The protagonists of the Star Wars movie series, the Jedi Warriors describe a force which bounds all human beings. The Jedi warriors were the ones who owned the greater share of that force, than lesser mortals. The equity in the social structure shown in the fictional series is heavily loaded towards the Dark and Light Jedi masters. On the other hand, the 15th century masterpiece by Sir Saint Thomas More converses about an egalitarian society, a perfect society where all mortals have equal share in the social and economic equity.

They sold possessions and chattel, and parted those things to all men, as it was need to each.”-Utopia, 1516, Sir Thomas More

But the Star Wars series reflected the equity distribution which exists in our society. A complete era has been engaged in socialism bashing, claiming capitalism to be the ultimate panacea. Capitalism was meant to create “engines of growth”, which drove the rest of the lesser population. In economic circles, government intervention is preferred only to the level of clearing the hurdles. Everything works fine till; these engines of growth run on the track. But when they skittle, a return to government stimuli is inevitable.

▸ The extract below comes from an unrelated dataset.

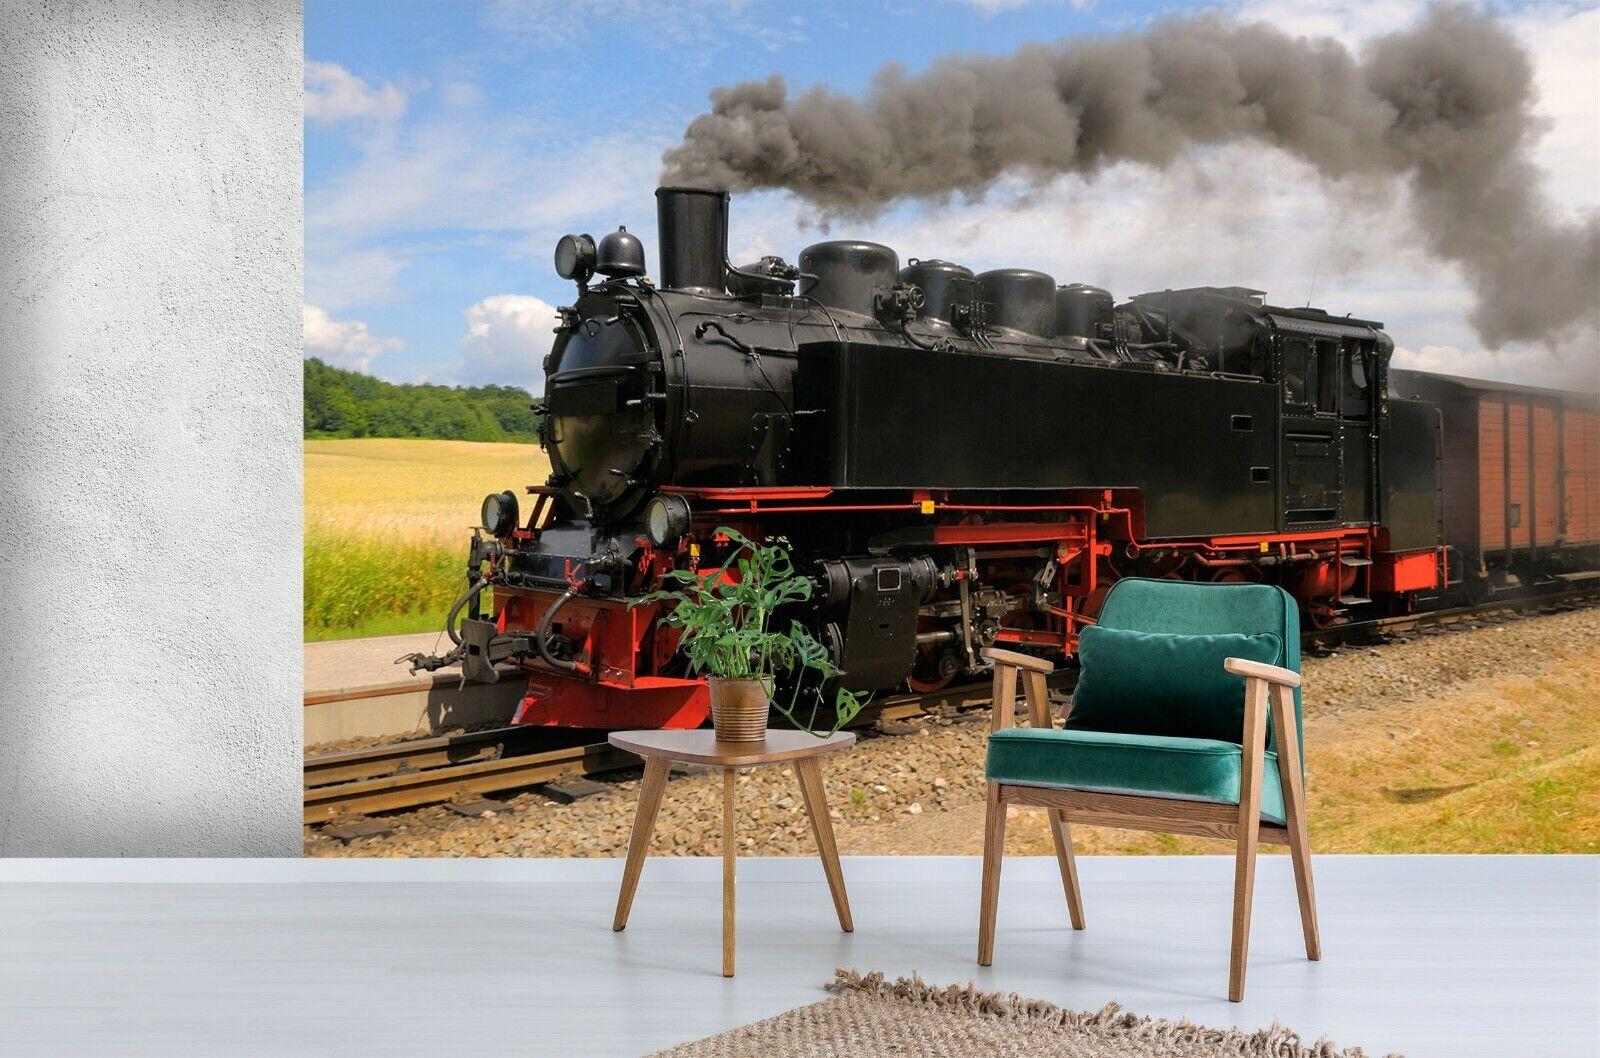 3D Train Smoke N838 Transport Wallpaper Mural Self-adhesive Removable Amy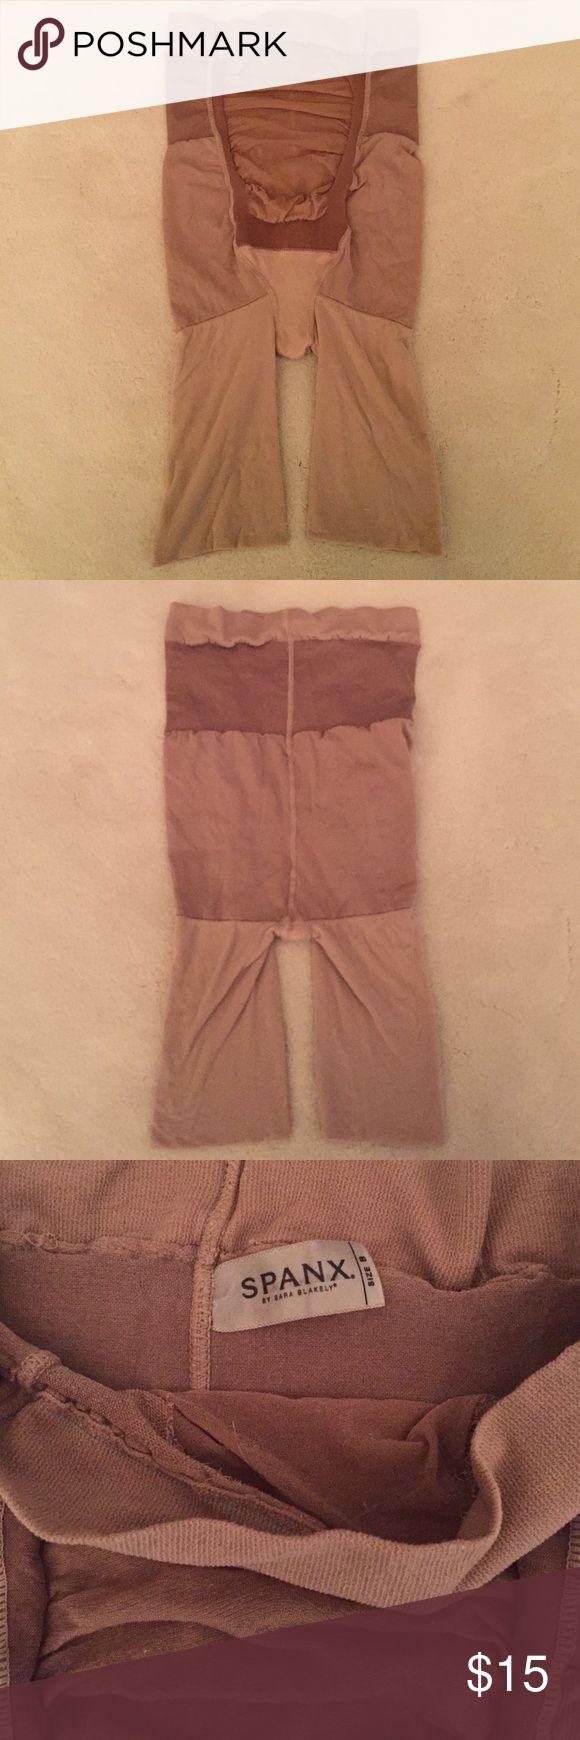 Maternity SPANX size B! Maternity SPANX size B! SPANX Intimates & Sleepwear Shapewear

And then came the Stimulus Package“, 2009, US government released multi-billion dollar packages to the crying corporate men, who until now cried for more independence. $787 billion economic package which promises to uplift the economy, reduce job cuts, fast track recession to sidelines. This marked proved again, the failure of totalitarian distribution of equity. The very principles of capitalism require the inefficient to vanish. “One who falls behind, is left behind“, is the unsaid code of capitalism.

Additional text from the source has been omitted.